ANZ-Roy Morgan Australian Consumer Confidence bounced 2.3% last week, following a 0.4% fall the previous week. The increase in confidence was driven primarily by an improvement in consumers’ views towards both current and future economic conditions.
Households’ views around current financial conditions rose 1.8% last week, entirely reversing the prior week’s fall. Views towards future conditions, though, were less positive, with the subindex slipping 1.1%. Both subindices currently sit above their long term averages.
Consumers’ views towards current economic conditions increased a sharp 7.9% last week, bringing the subindex to its highest point in 20 weeks. Views around future economic conditions rose less spectacularly, up 2.7%, more than offsetting the 1.6% decline in the previous week.

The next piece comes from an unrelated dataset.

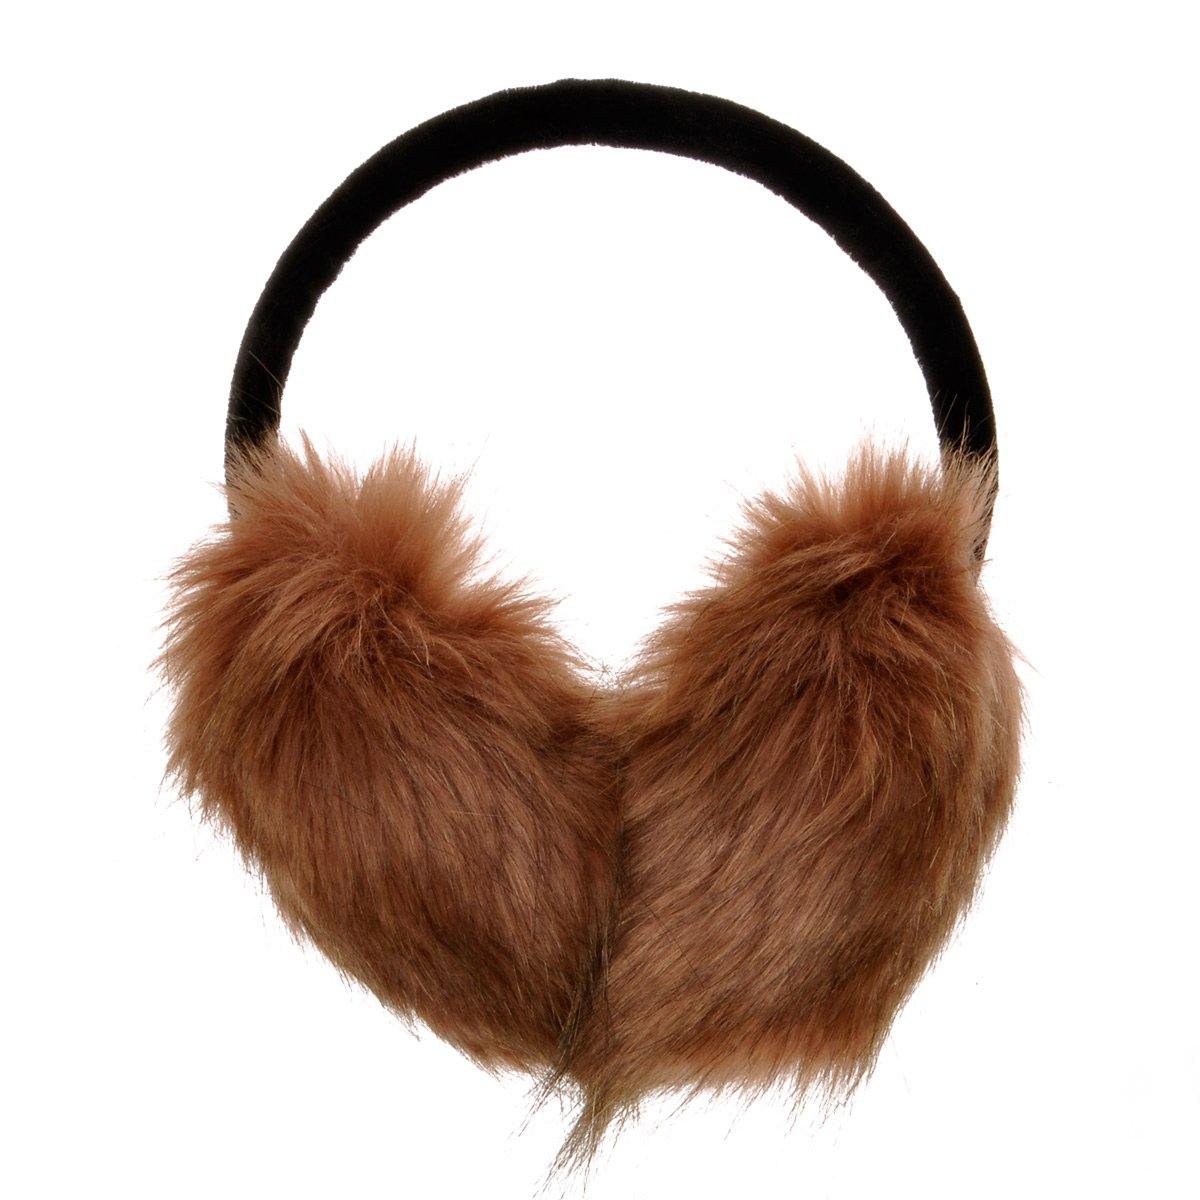 ZLYC Womens Girls Winter Fashion Adjustable Faux Fur EarMuffs Ear Warmers (Brown) ZYJ-ET-007-BR_CA

The ‘time to buy a major household item’ rose 1.8% last week, partially reversing the previous week’s 2.3% decline. This subindex remains well above its long term average.
Inflation expectations were unchanged at 4.3% on a four-week moving average basis, although the weekly value edged down to 4.2%.
ANZ’S HEAD OF AUSTRALIAN ECONOMICS, DAVID PLANK, COMMENTED:
“The solid increase in confidence last week is very encouraging and likely reflects another good jobs report along with the RBA’s broadly positive assessment of domestic conditions in the minutes of the July board meeting. The somewhat confusing commentary around the level of the neutral cash rate appears not to have impacted.
Consumers appear to have taken heart from the ongoing improvement in labour market conditions, in particular the large increases in full-time employment and hours worked. As the RBA has pointed out, a reduction in spare capacity has implications for wage growth and consequently for household spending. However, we believe that job insecurity and low inflation expectations also play a significant role in determining wage outcomes. As such we expect only a very modest pick-up in wage growth over the rest of the year and 2018.
We expect labour market conditions to continue improving, although at a slower pace, now that the period of catch up between official and survey based measures is largely complete. We will be closely watching Governor Lowe’s speech and the CPI release out later this week for further insight into the RBA’s assessment of the labour market and the course for monetary policy.”